Moreover, in the case of a relatively strong appreciation cycle for the US dollar, too loose liquidity can easily trigger the pressure of excessive devaluation of the RMB, which is also the central bank's unwillingness to see.
The market is waiting.
This year, the A share market failed to continue the rally in December last year. One important factor is that the market has deviations from the interpretation of "policy for strengthening financing regulation".
In fact, at the beginning of a big rally, strengthening supervision will be conducive to a longer market in the future.
In the short term, there are many factors affecting the market.

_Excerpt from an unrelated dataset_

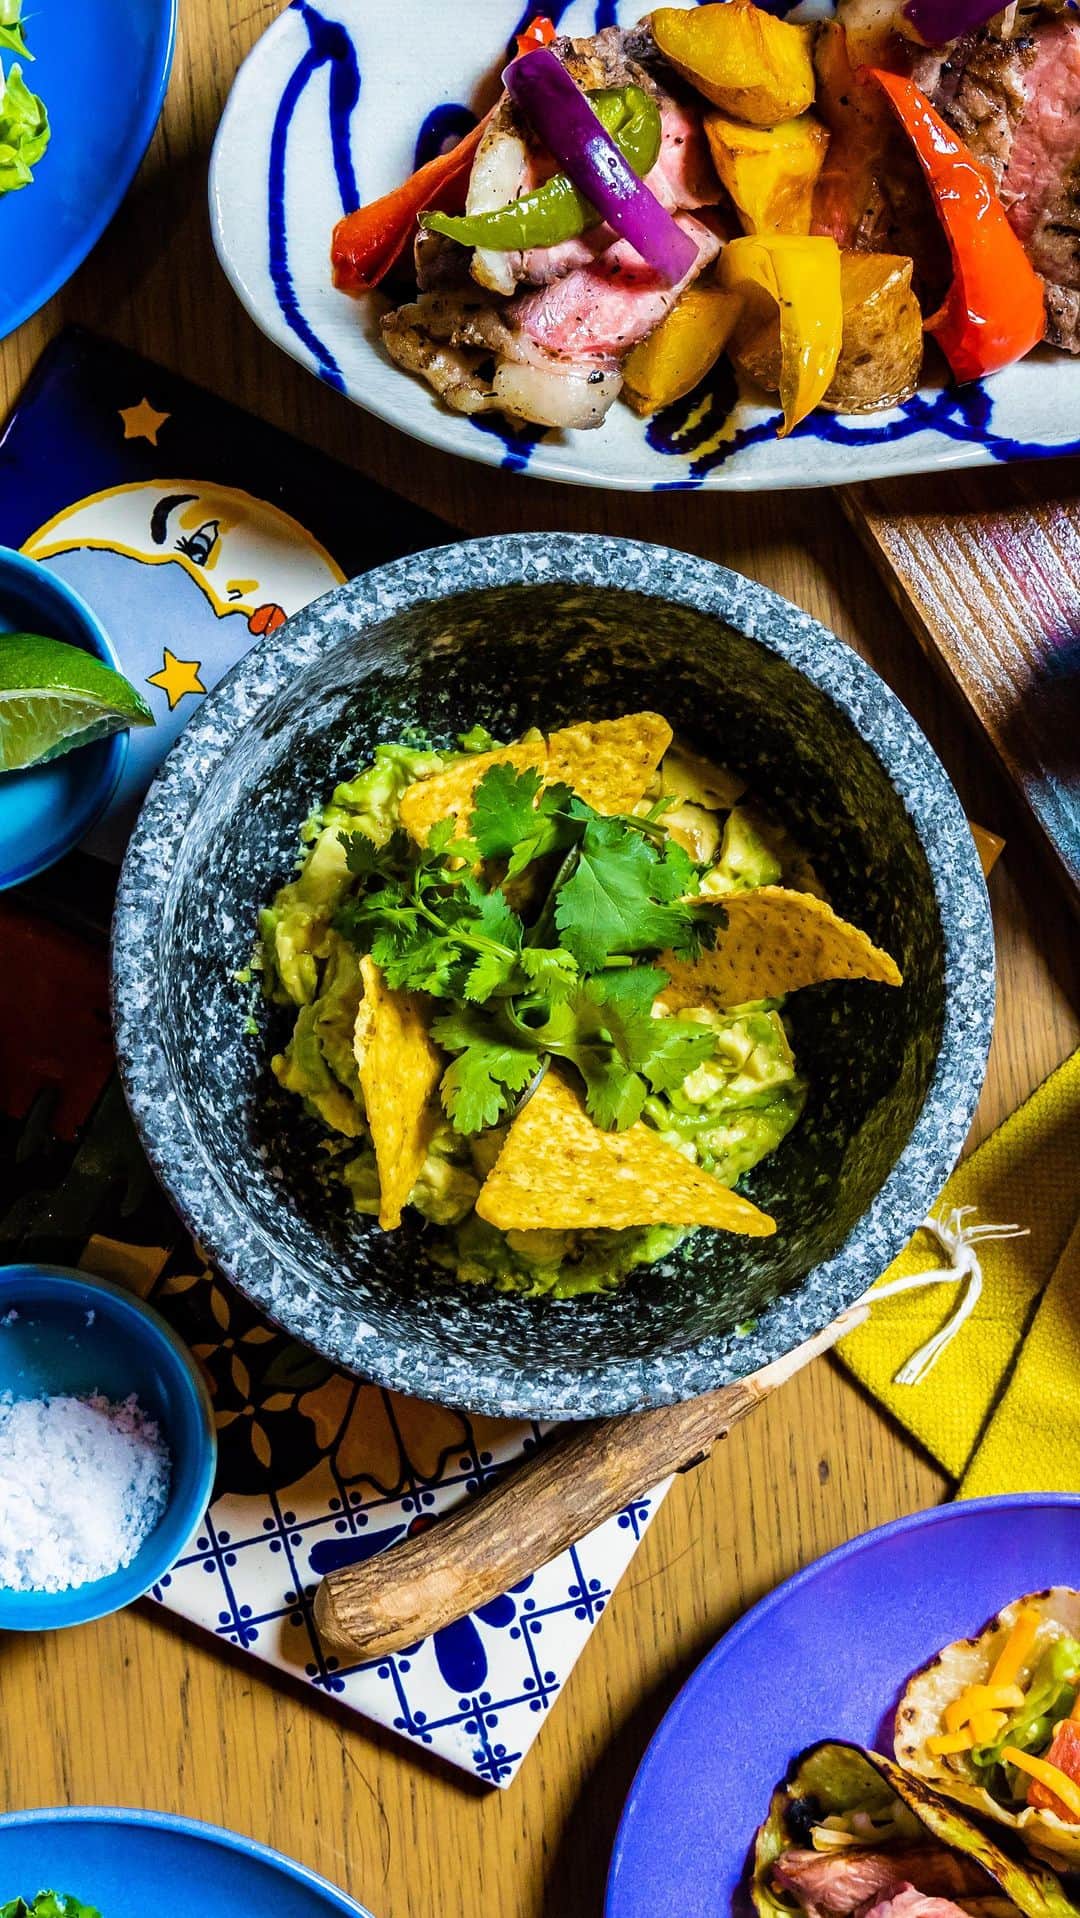 ESTINATE HOTELのインスタグラム：「気になる、食べたい人はぜひコメント欄に"🥑"残してね〜😋  スタッフが目の前に仕上げるワカモレを楽しんで食べていただける！オリジナルワカモレを味わえる至福のひととき✨   🥑 Enjoying freshly prepared guacamole made by our staff right in front of you🏝️ A blissful moment to savor your own original guacamole ✨ #RyukyuMexican #CreateYourOwn  😋享受我們員工當面為您製作的新鮮酪梨沙拉！一個幸福的時刻，品味您自己的原創酪梨醬 ✨ #琉球墨西哥料理  ——⁠ ESTINATE HOTEL NAHAは、旅の次が見つかるカジュアルホテルです！👉@estinate_hotel_naha  『旅は不完全なほどおもしろい、 旅の計画には余白を。 それは、あなたの旅が素晴らしい体験になる第一歩』  #estinatehotel #estinatelounge #livelyhotels  #LIVELYHOTELS #ライフスタイルホテル ⁠ #デザインホテル #おしゃれホテル #ホテルライフ #ホテルステイ #旅の思い出⁠ #japanhotel #lifestylehotel #designhotel #traveljapan #discoverjapan #naha#okinawatrip#okinawalife#okinawalifestyle#那覇#沖縄旅行#沖縄日常#沖縄行きたい#ワカモレ#メキシカン」

The net outflow of funds in the market paction and settlement fund is 41 billion 500 million yuan, which is a continuous second week net outflow of funds and a 388 billion 900 million week cumulative outflow of funds for two weeks. 2, the regulatory level's "deleveraging" policy, including the regulation of Fan Rongzi and umbrella funds, etc., 3, fourth quarter of last year, the largest deficit in China's capital account since 1998 last year, and the recent sharp decline in the RMB exchange rate, and the pressure on the stock market due to the accelerated capital outflow. 4, this week, there are 24 new shares, which will bring more pressure to the short-term capital market. The trading of the options will start on Monday. Under the current market adjustment environment, the hedging function of the options will have a certain short selling effect, and the corresponding 50ETF heavy weight stocks will form a certain pressure on the index. In addition to the economic level, there are the following: 1, January 26 Li to January 30th, securities.
However, we are still optimistic about the long-term trend of the Shanghai and Shenzhen stock market, or the saying: the road is tortuous and the future is bright.
But the short-term adjustment is not over yet. At present, the A share market seems to be waiting for something: 1, wait for the end of the technical adjustment after the rapid rise; 2, wait for the investors to miss the rapid rise at the end of last year, give them the opportunity to take a leisurely ride; 3, wait for the capital to gather again; 4, wait for the highlight of the domestic economy.